◆ **Activity**: Your answer should be only the lines below from the one with "8 Best Eyeshadow" to the one with "Maker's Mark Kentucky", repeated exactly, ends included.

◆ **Dataset**:
----

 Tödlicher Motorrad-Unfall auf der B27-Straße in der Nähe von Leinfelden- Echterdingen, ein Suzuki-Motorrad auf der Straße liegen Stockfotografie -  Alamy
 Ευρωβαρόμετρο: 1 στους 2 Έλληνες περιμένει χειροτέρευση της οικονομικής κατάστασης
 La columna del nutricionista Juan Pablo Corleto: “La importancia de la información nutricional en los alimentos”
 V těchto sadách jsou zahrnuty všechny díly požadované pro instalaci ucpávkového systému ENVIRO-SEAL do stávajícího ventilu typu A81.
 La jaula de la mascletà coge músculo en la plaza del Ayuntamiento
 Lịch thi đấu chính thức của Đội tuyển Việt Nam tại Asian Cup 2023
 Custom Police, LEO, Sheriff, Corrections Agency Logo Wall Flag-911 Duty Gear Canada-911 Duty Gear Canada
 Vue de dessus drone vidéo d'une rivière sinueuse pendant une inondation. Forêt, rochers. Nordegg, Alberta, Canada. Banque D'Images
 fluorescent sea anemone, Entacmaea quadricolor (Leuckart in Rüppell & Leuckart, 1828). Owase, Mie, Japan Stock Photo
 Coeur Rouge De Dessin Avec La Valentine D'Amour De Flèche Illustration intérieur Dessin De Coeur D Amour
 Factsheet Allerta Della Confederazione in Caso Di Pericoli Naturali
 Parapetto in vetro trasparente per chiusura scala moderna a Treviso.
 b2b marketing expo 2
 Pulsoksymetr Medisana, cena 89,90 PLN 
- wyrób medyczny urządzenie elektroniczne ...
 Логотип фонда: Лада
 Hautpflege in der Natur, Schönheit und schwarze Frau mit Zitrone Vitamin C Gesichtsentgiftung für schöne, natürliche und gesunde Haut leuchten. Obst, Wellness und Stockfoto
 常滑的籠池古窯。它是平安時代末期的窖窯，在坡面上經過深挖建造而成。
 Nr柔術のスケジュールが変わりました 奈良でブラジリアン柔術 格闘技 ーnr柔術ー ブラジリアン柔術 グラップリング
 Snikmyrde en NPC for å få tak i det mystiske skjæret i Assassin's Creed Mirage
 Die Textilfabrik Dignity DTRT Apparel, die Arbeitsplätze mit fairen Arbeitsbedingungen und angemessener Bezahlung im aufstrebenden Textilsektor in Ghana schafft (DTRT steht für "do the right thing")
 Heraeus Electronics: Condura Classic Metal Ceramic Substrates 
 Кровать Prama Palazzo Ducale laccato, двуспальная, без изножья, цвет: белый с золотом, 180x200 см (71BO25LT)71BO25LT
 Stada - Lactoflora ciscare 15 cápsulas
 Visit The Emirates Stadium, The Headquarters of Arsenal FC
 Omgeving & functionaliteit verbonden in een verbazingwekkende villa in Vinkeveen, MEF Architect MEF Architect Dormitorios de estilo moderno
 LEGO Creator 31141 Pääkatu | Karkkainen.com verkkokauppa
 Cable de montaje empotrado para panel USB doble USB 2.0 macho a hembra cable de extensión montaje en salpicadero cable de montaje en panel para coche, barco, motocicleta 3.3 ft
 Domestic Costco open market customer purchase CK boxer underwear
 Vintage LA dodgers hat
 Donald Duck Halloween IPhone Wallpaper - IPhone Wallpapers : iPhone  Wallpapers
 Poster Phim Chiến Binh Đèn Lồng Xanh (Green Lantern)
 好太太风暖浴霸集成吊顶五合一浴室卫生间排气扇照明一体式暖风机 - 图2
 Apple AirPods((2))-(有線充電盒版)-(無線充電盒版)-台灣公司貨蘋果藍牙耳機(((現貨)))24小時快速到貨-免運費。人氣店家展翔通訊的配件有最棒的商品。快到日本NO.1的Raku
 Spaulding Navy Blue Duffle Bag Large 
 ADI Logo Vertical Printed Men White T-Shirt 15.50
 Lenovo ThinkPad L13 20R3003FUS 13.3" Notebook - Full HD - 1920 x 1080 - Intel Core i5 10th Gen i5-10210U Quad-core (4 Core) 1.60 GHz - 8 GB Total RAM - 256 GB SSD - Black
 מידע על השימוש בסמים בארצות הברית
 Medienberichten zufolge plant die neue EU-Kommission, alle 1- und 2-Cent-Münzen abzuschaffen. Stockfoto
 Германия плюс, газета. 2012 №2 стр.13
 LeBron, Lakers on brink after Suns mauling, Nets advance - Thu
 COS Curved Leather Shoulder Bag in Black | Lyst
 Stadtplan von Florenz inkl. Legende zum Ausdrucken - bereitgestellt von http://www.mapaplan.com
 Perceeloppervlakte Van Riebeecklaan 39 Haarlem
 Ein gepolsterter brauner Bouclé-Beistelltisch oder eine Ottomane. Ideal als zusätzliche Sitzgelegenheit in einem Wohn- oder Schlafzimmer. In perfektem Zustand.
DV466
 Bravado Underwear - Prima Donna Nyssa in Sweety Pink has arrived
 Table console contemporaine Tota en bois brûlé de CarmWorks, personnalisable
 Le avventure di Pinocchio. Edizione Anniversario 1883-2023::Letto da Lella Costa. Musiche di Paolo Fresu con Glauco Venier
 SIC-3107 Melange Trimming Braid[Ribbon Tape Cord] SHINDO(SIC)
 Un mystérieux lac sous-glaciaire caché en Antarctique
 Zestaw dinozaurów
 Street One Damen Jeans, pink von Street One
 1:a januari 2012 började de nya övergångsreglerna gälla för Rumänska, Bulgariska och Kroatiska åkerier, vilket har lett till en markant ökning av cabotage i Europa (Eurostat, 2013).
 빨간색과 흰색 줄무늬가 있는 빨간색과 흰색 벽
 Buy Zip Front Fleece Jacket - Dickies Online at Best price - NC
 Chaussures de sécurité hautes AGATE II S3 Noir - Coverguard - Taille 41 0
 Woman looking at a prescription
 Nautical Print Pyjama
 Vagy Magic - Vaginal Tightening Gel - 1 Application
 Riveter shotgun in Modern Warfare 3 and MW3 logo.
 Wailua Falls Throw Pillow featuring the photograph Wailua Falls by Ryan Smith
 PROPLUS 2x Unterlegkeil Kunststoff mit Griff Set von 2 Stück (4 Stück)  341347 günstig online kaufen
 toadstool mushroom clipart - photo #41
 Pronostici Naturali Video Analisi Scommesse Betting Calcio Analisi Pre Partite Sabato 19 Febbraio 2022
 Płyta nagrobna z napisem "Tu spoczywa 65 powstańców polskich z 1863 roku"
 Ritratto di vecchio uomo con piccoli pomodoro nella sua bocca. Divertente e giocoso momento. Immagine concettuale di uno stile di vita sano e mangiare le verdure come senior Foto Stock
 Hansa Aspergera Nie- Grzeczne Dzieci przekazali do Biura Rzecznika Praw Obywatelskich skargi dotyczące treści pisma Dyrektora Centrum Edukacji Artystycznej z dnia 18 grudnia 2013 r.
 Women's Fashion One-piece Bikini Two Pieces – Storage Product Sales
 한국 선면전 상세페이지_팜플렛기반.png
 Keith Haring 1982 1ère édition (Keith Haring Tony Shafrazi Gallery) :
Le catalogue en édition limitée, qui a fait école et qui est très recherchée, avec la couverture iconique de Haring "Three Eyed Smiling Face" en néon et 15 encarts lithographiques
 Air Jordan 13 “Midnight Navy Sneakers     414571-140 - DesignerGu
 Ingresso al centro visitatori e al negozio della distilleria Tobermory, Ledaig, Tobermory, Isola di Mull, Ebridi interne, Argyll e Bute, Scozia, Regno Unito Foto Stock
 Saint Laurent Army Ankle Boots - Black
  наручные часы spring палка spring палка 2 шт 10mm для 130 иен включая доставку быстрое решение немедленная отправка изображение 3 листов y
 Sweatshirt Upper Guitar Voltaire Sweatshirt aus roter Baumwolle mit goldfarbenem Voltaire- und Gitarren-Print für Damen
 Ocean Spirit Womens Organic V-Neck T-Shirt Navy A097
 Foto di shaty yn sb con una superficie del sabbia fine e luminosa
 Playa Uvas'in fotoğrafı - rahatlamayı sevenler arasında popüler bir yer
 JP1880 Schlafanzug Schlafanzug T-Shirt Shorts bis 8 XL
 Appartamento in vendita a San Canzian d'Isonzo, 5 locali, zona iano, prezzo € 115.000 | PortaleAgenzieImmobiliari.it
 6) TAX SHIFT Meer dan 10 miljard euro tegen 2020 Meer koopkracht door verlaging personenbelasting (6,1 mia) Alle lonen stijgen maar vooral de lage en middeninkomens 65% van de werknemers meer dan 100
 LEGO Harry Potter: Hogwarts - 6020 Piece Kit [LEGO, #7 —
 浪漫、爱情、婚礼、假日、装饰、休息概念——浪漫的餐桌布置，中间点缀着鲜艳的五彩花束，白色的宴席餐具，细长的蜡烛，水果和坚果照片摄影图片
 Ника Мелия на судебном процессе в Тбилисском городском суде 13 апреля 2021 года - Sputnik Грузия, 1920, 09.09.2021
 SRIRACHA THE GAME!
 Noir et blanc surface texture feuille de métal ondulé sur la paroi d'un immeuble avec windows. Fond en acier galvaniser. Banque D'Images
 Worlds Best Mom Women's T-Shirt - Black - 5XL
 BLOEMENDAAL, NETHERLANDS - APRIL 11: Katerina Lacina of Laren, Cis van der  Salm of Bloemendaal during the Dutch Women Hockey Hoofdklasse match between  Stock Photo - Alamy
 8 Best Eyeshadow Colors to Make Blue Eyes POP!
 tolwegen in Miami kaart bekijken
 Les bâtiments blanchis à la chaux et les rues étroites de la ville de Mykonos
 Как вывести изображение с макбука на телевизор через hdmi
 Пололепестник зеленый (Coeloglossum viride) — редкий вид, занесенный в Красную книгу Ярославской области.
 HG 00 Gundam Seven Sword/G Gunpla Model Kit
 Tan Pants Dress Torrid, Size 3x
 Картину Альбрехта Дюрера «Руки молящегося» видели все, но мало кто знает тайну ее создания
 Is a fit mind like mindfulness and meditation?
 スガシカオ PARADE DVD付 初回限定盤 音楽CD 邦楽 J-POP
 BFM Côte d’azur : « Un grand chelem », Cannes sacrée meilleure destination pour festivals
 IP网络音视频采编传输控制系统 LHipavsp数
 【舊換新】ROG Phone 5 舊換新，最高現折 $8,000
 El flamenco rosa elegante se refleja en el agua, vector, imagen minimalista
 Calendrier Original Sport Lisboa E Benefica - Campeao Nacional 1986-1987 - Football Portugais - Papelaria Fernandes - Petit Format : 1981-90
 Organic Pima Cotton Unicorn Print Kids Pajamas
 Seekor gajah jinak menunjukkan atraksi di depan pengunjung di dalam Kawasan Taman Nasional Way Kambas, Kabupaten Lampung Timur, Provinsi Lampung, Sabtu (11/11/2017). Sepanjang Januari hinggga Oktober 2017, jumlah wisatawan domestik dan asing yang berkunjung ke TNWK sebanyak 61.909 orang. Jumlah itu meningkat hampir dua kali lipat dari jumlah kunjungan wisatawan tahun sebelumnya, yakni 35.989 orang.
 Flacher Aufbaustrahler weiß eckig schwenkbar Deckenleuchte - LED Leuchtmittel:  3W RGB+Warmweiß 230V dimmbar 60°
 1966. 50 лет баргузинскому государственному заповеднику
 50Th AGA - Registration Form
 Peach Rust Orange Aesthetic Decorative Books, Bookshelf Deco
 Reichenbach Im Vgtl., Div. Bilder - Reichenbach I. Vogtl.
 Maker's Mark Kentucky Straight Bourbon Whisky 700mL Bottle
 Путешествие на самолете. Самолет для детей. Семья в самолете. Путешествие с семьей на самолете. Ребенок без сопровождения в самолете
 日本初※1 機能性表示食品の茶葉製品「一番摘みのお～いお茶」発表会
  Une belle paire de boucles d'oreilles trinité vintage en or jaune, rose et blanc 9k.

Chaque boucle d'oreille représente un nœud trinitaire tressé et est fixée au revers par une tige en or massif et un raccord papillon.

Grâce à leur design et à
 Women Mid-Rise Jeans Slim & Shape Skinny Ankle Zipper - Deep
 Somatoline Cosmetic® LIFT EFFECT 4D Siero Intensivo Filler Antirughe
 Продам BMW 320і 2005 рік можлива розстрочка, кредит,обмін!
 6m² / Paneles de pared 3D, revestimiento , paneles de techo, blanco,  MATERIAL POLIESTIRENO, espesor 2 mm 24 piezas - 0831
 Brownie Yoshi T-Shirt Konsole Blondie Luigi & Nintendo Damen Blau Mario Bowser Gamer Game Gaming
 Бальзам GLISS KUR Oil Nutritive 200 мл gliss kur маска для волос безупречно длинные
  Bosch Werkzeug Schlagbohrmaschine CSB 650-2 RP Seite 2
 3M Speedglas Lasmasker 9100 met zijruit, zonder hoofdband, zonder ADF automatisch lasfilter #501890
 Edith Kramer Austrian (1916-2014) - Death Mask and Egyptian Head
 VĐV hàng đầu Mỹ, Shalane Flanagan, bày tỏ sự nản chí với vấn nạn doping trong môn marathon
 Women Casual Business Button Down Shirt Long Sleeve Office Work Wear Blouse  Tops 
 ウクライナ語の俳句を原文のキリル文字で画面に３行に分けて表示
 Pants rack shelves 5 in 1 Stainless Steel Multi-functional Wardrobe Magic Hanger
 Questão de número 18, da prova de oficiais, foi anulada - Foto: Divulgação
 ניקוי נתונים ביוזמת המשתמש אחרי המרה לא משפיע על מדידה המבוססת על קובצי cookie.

----

◆ **Answer to this task**:
 8 Best Eyeshadow Colors to Make Blue Eyes POP!
 tolwegen in Miami kaart bekijken
 Les bâtiments blanchis à la chaux et les rues étroites de la ville de Mykonos
 Как вывести изображение с макбука на телевизор через hdmi
 Пололепестник зеленый (Coeloglossum viride) — редкий вид, занесенный в Красную книгу Ярославской области.
 HG 00 Gundam Seven Sword/G Gunpla Model Kit
 Tan Pants Dress Torrid, Size 3x
 Картину Альбрехта Дюрера «Руки молящегося» видели все, но мало кто знает тайну ее создания
 Is a fit mind like mindfulness and meditation?
 スガシカオ PARADE DVD付 初回限定盤 音楽CD 邦楽 J-POP
 BFM Côte d’azur : « Un grand chelem », Cannes sacrée meilleure destination pour festivals
 IP网络音视频采编传输控制系统 LHipavsp数
 【舊換新】ROG Phone 5 舊換新，最高現折 $8,000
 El flamenco rosa elegante se refleja en el agua, vector, imagen minimalista
 Calendrier Original Sport Lisboa E Benefica - Campeao Nacional 1986-1987 - Football Portugais - Papelaria Fernandes - Petit Format : 1981-90
 Organic Pima Cotton Unicorn Print Kids Pajamas
 Seekor gajah jinak menunjukkan atraksi di depan pengunjung di dalam Kawasan Taman Nasional Way Kambas, Kabupaten Lampung Timur, Provinsi Lampung, Sabtu (11/11/2017). Sepanjang Januari hinggga Oktober 2017, jumlah wisatawan domestik dan asing yang berkunjung ke TNWK sebanyak 61.909 orang. Jumlah itu meningkat hampir dua kali lipat dari jumlah kunjungan wisatawan tahun sebelumnya, yakni 35.989 orang.
 Flacher Aufbaustrahler weiß eckig schwenkbar Deckenleuchte - LED Leuchtmittel:  3W RGB+Warmweiß 230V dimmbar 60°
 1966. 50 лет баргузинскому государственному заповеднику
 50Th AGA - Registration Form
 Peach Rust Orange Aesthetic Decorative Books, Bookshelf Deco
 Reichenbach Im Vgtl., Div. Bilder - Reichenbach I. Vogtl.
 Maker's Mark Kentucky Straight Bourbon Whisky 700mL Bottle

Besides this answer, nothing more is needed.